The Sigma scheme began in 2006 and allegedly “hinged on secret information from a source with an unnamed relative at the company.”
That source was paid $5,000 a month by Sonar and other hedge fund managers for the information, according to Bloomberg and interestingly, Freeman’s Sigma source is supposed to have given him “material, nonpublic information” well into 2009 when he was working for SAC.
Neither Sonar or SAC have been accused of wrongdoing and both firms are cooperating with the FBI.
The trades in the shares Sigma — a semiconductor maker — occurred between 2006 and 2007 while Freeman was a managing director at Sonar.
In October of 2006, the source allegedly told Freeman that Sigma had crushed analysts’ expectations for sales in Q3, weeks before the quarter ended.
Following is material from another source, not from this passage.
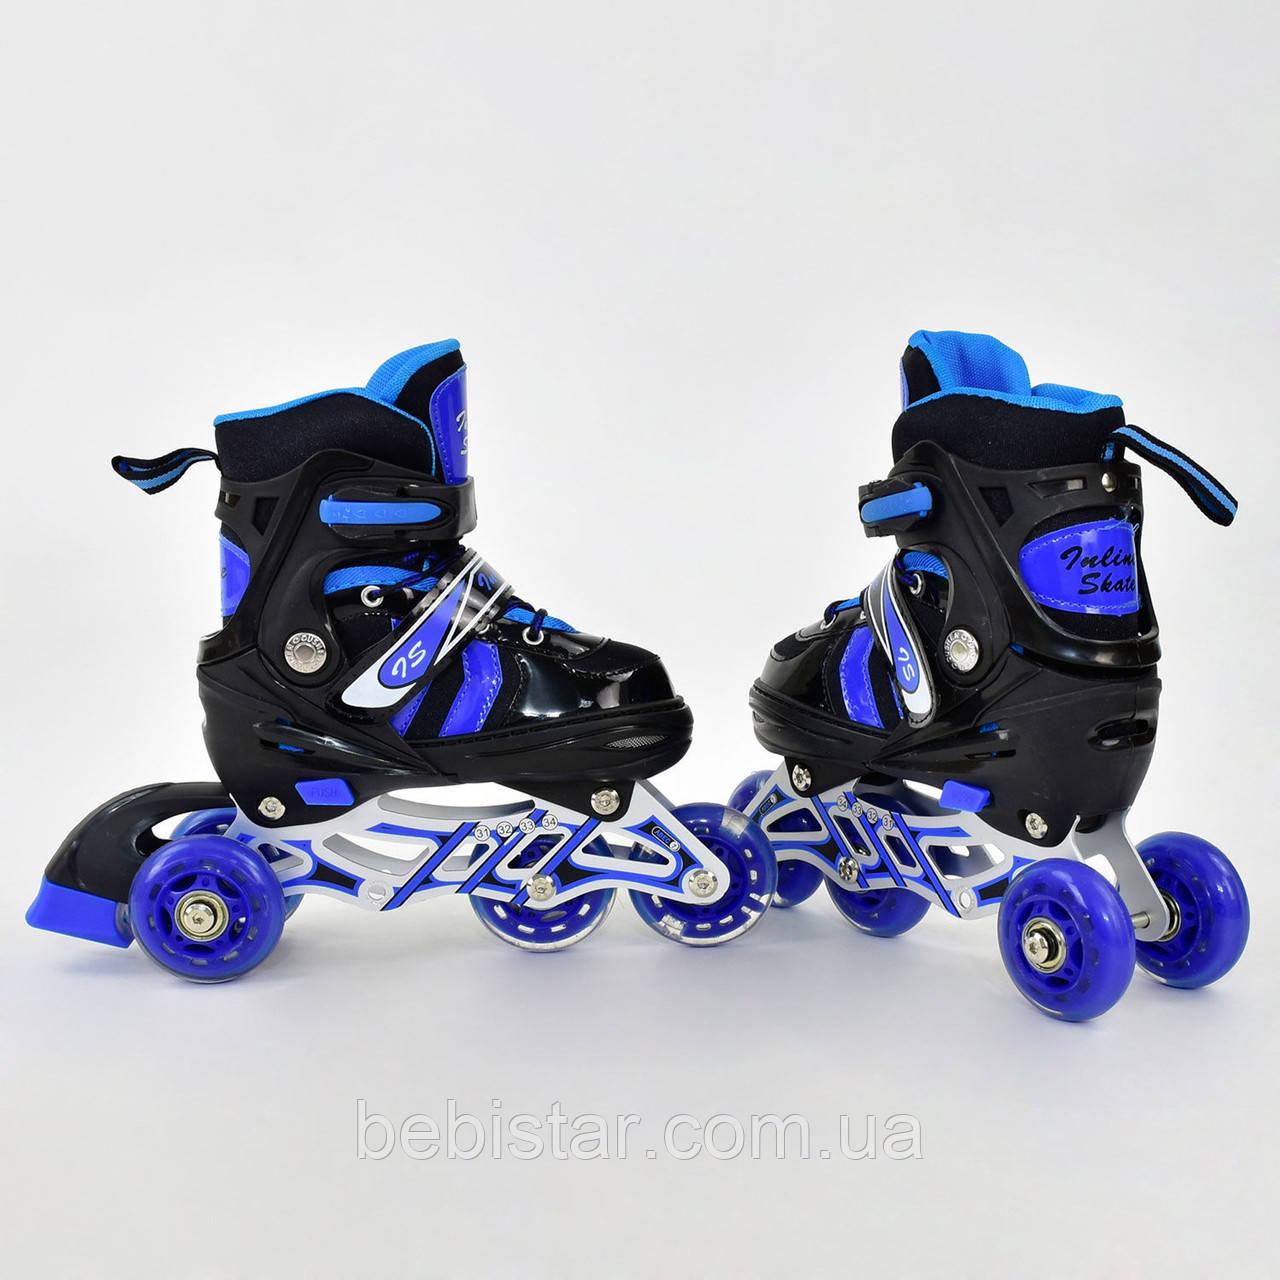 Детские роликовые коньки синие 9031 S Best Roller размер 31-34 полиуретановые колеса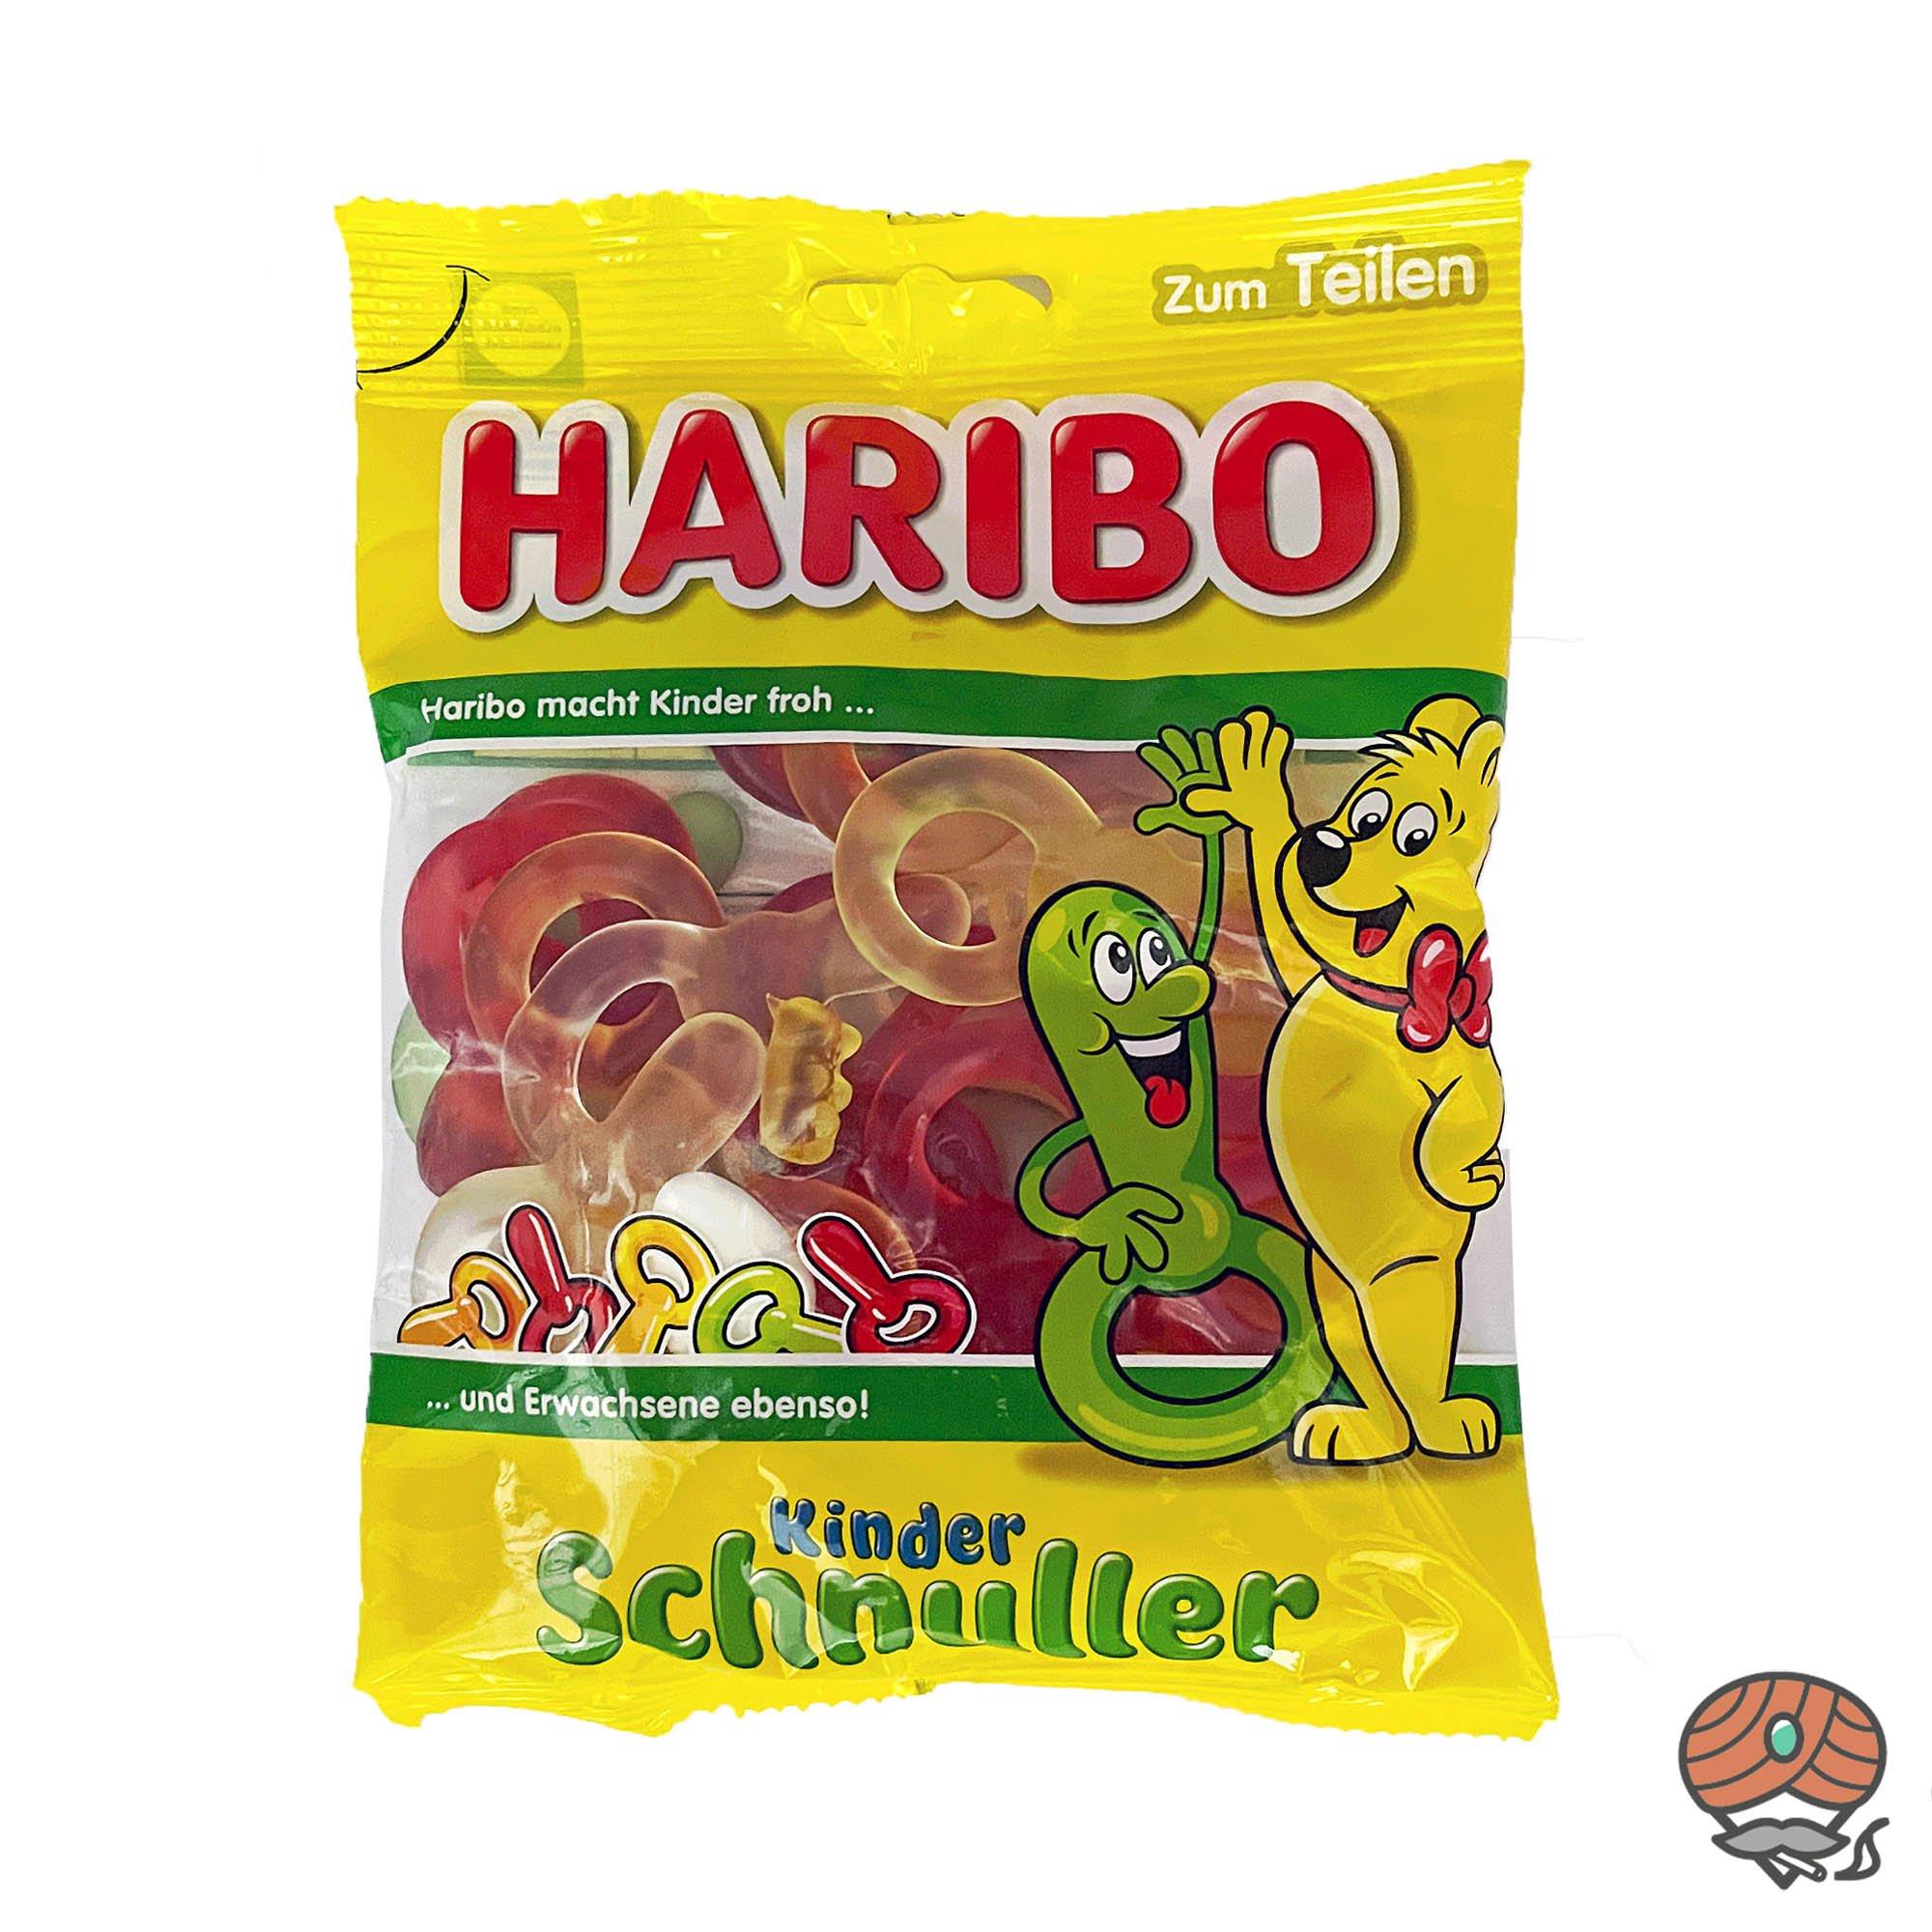 Haribo Kinder Schnuller Fruchtgummis 200g

On that tip, Freeman “directly or indirectly caused” Sonar to purchase $15 million worth of Sigma stock on October 11 and 12, according to Bloomberg.
When the hedge fund liquidated most of its stake that December, profits on the trade were in excess of $9.5 million, with the Sigma shareprice rising by 45 per cent between the date Sonar bought and sold it’s stake.
Then in 2007, Sonar executed two more Sigma trades, which earned the hedge fund $13 million.